GIVEN MATERIAL:
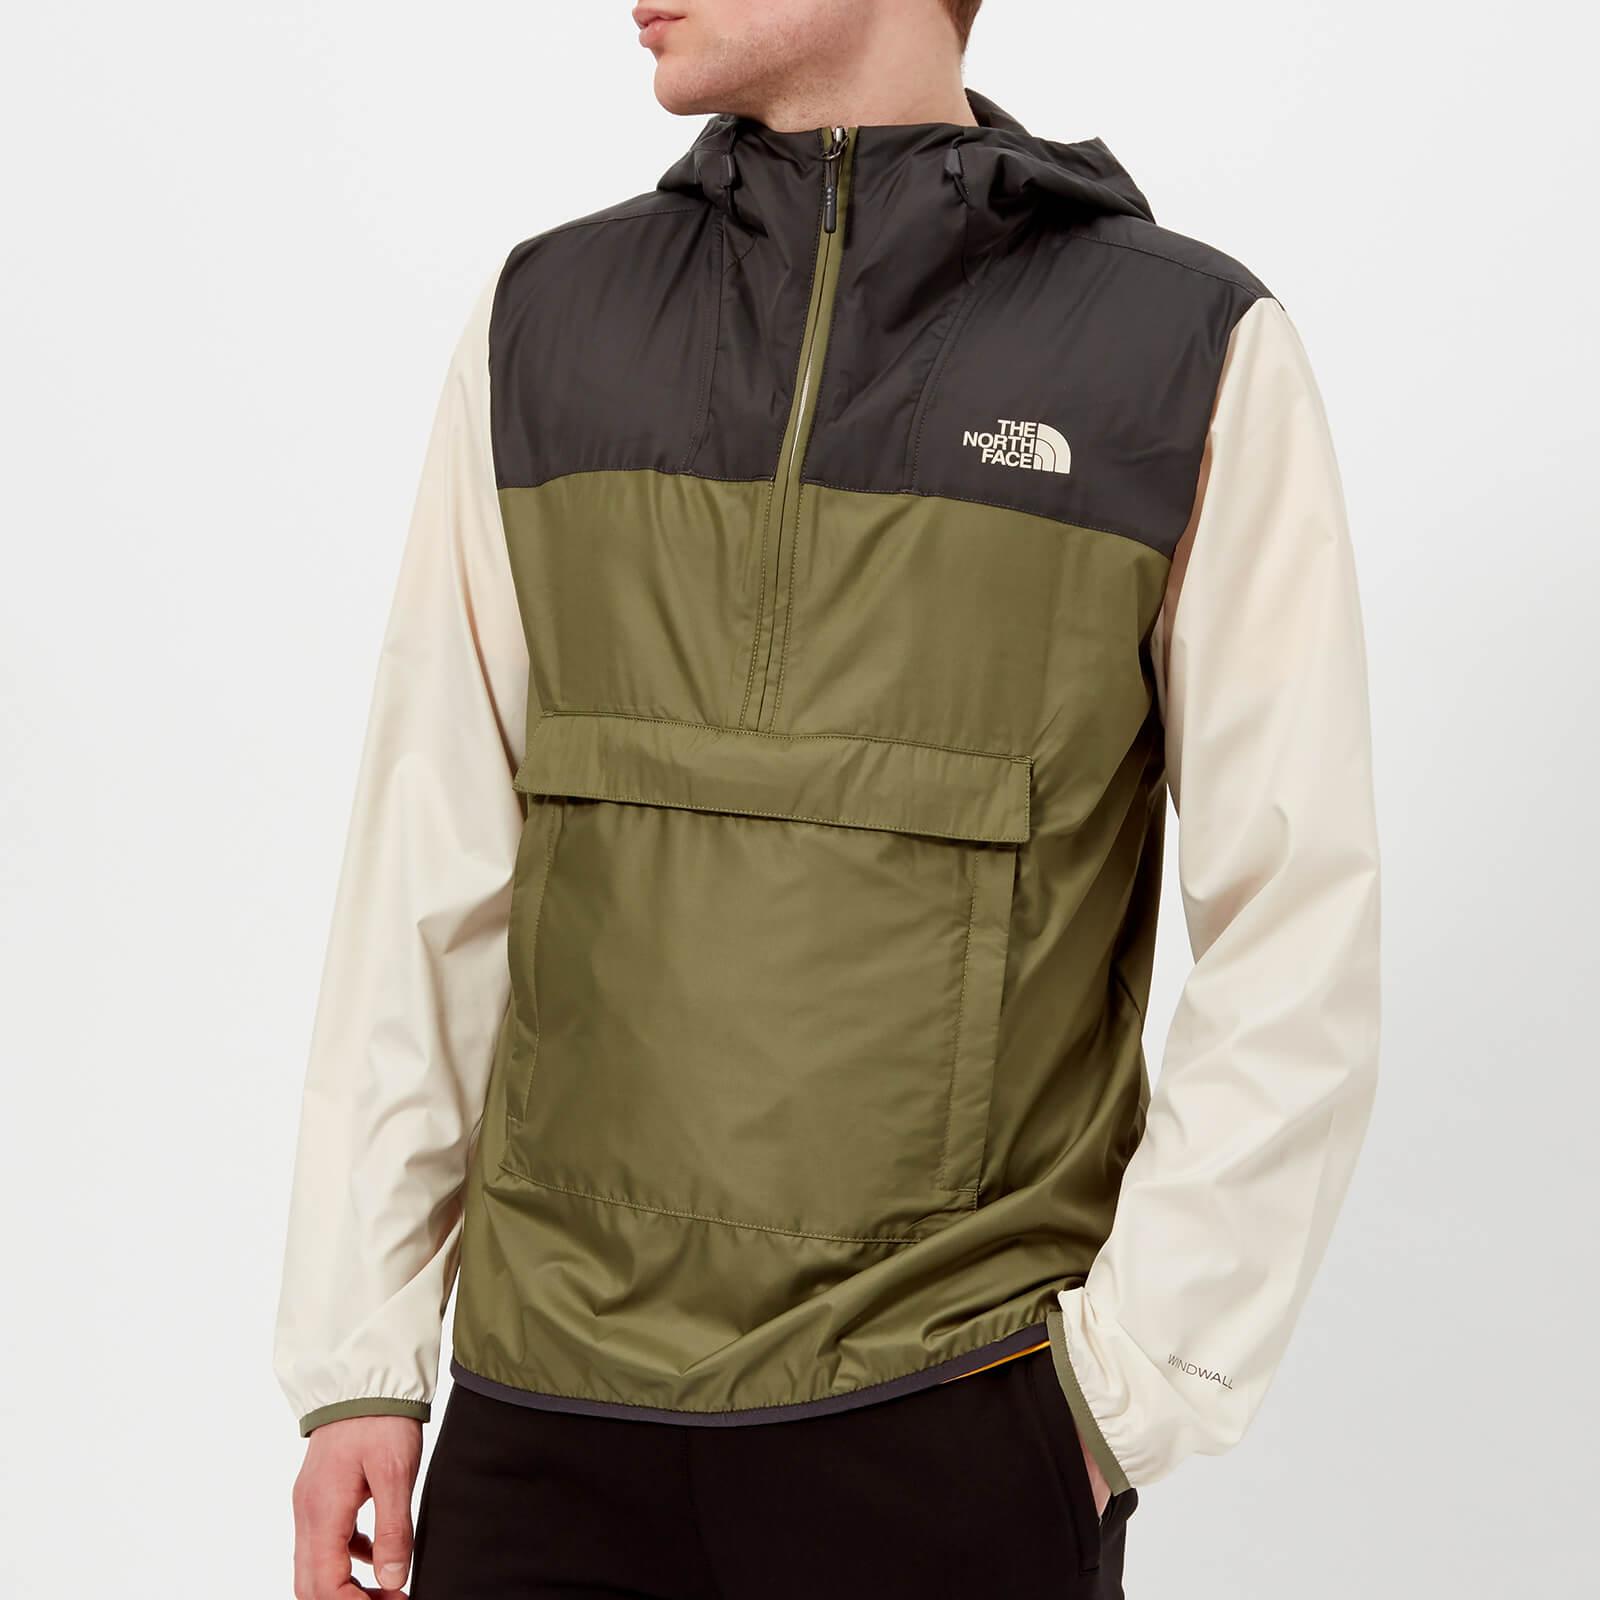 ddde302c3 The North Face Men's Fanorak Jacket - Four Leaf Clover Multi
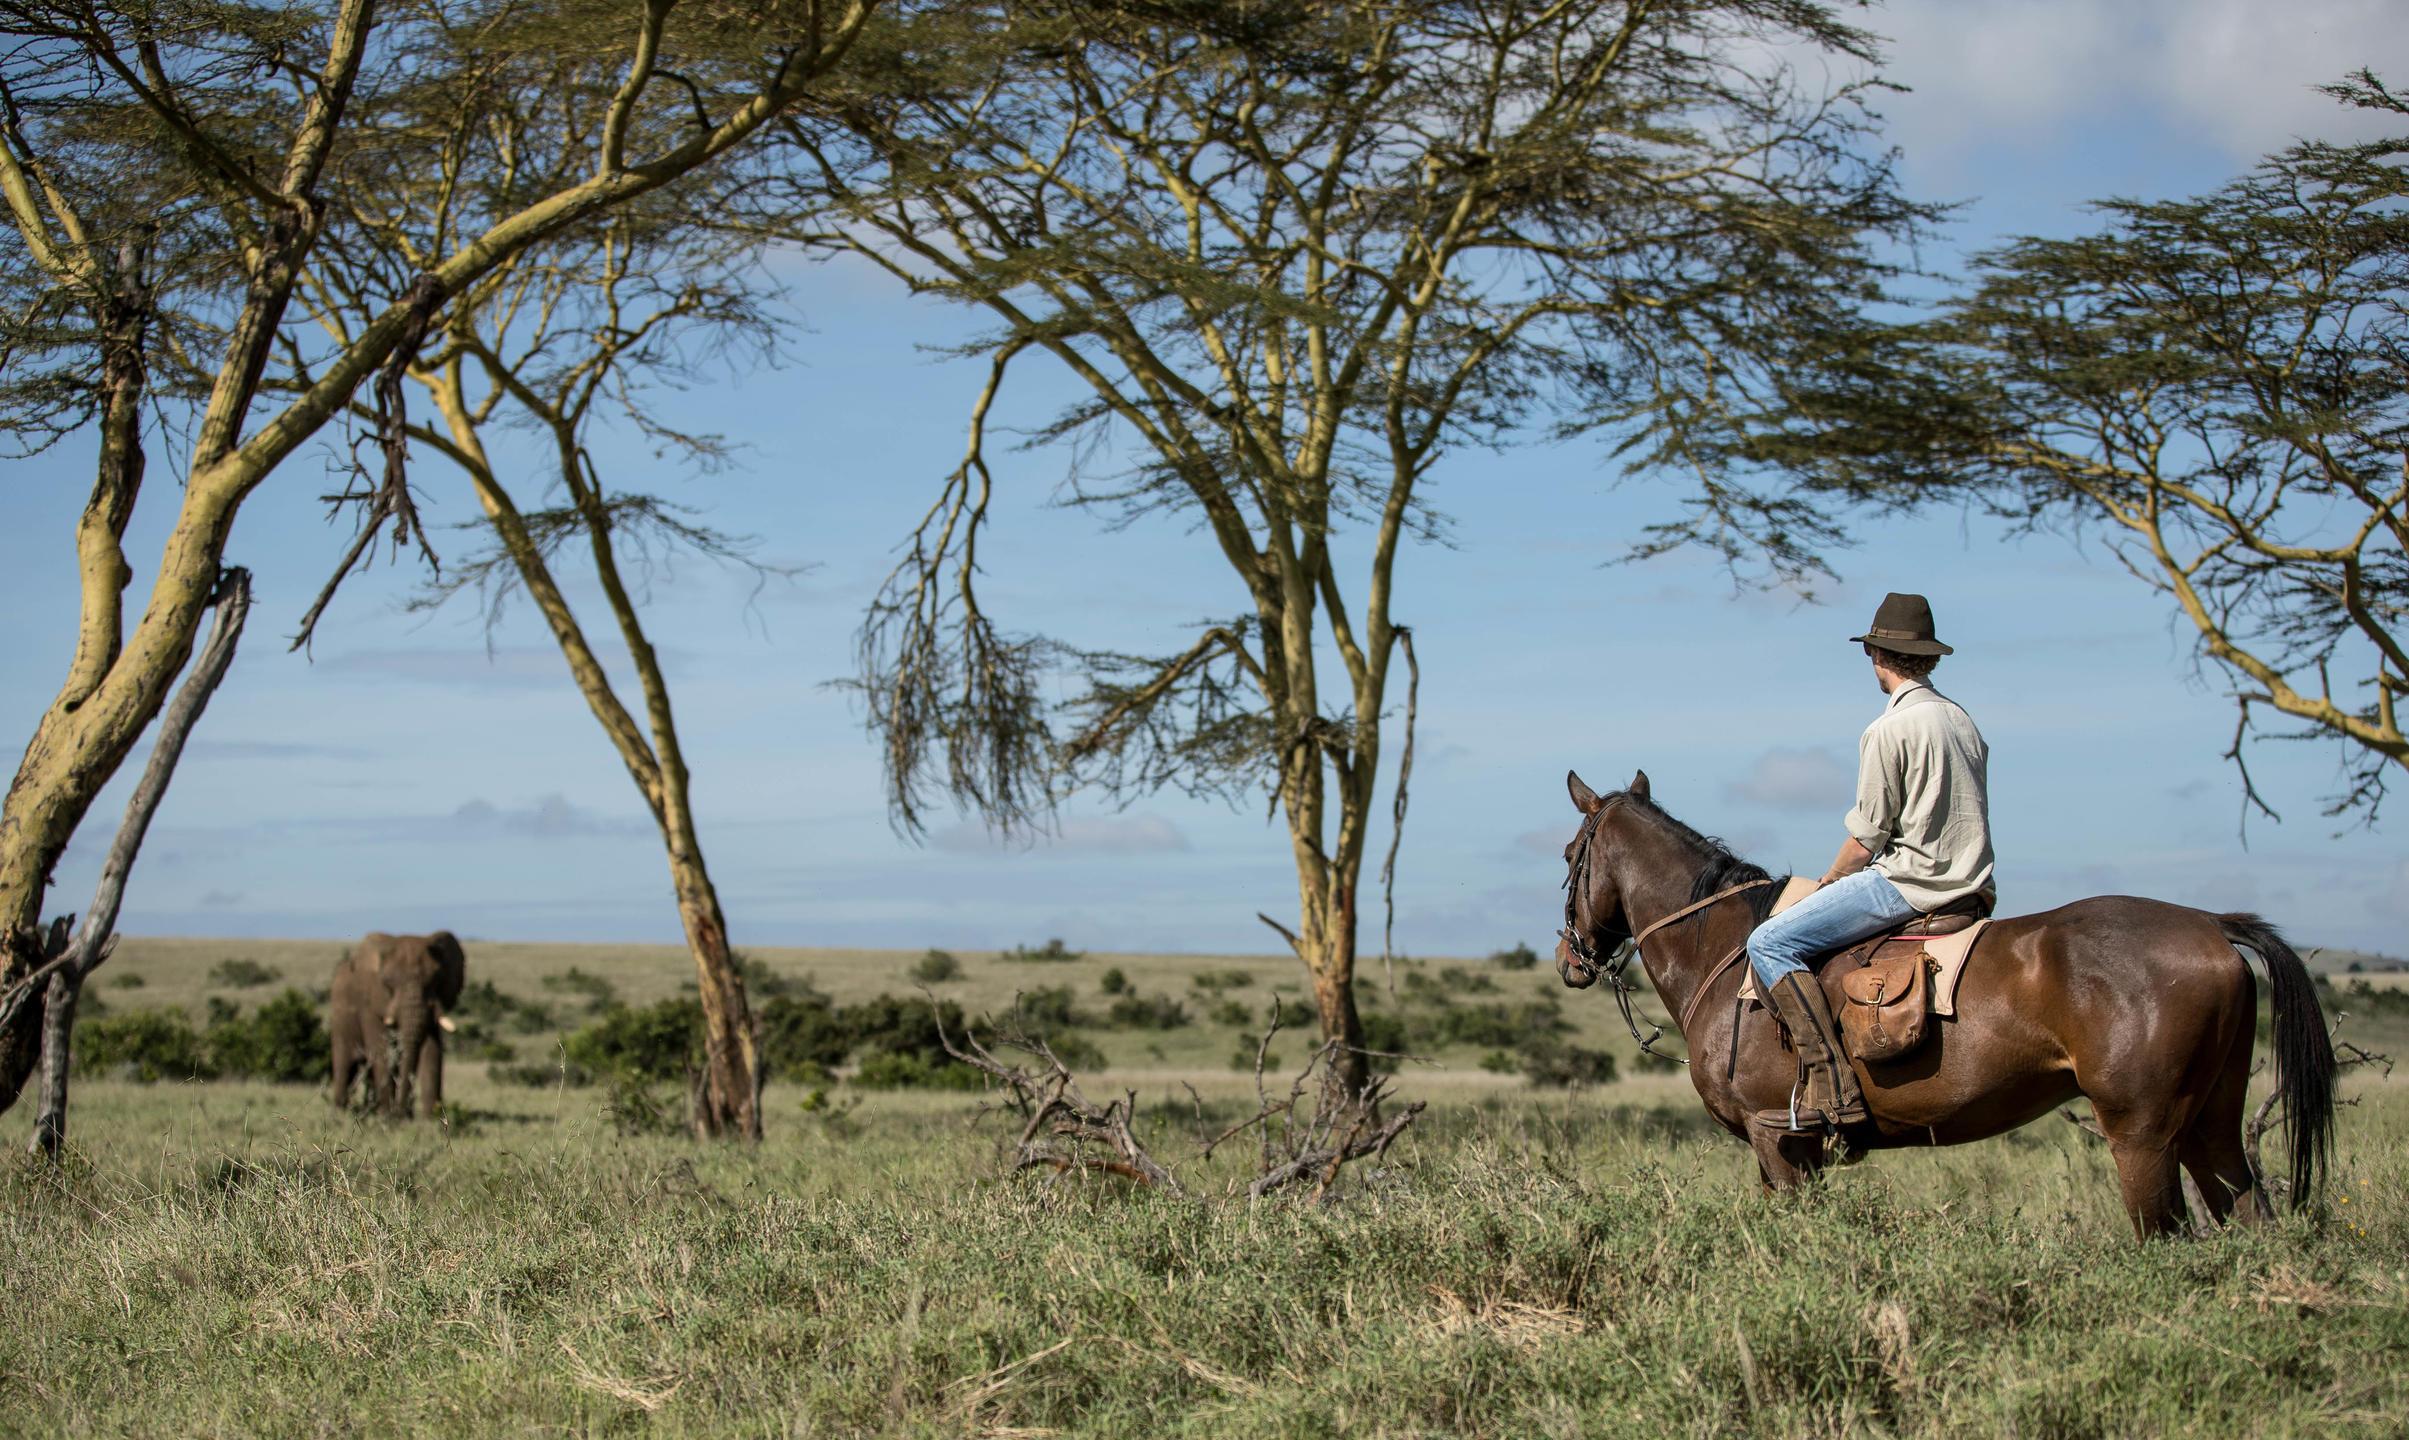 Day 04: Horseriding adventures in Borana
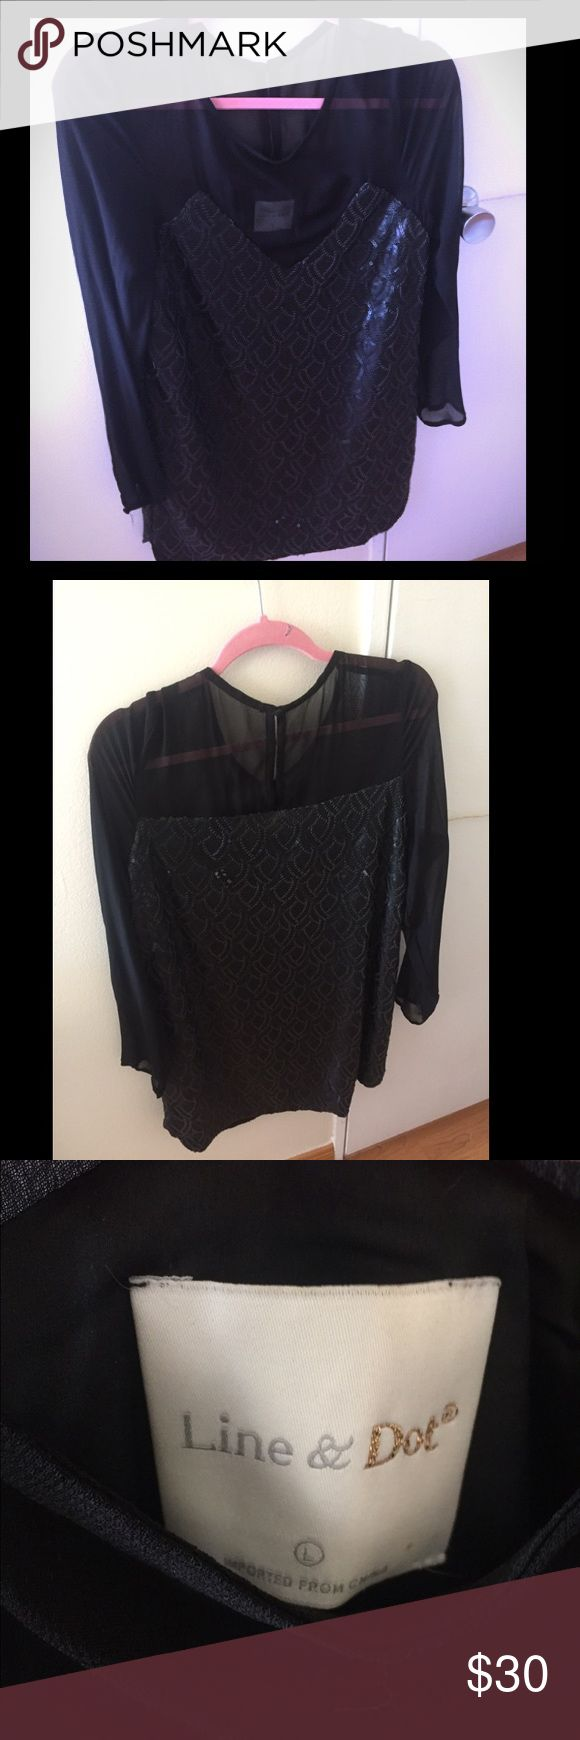 T-shirt design zeixs - Line Dot Black Sequin Cocktail Dress L Reposhing This Cute Cocktail Dress By Line

EXERCISE REQUIREMENTS:
The expected answer is the data retyped exactly, without pictures.

EXERCISE SOLUTION:
 ddde302c3 The North Face Men's Fanorak Jacket - Four Leaf Clover Multi
 Day 04: Horseriding adventures in Borana
 T-shirt design zeixs - Line Dot Black Sequin Cocktail Dress L Reposhing This Cute Cocktail Dress By Line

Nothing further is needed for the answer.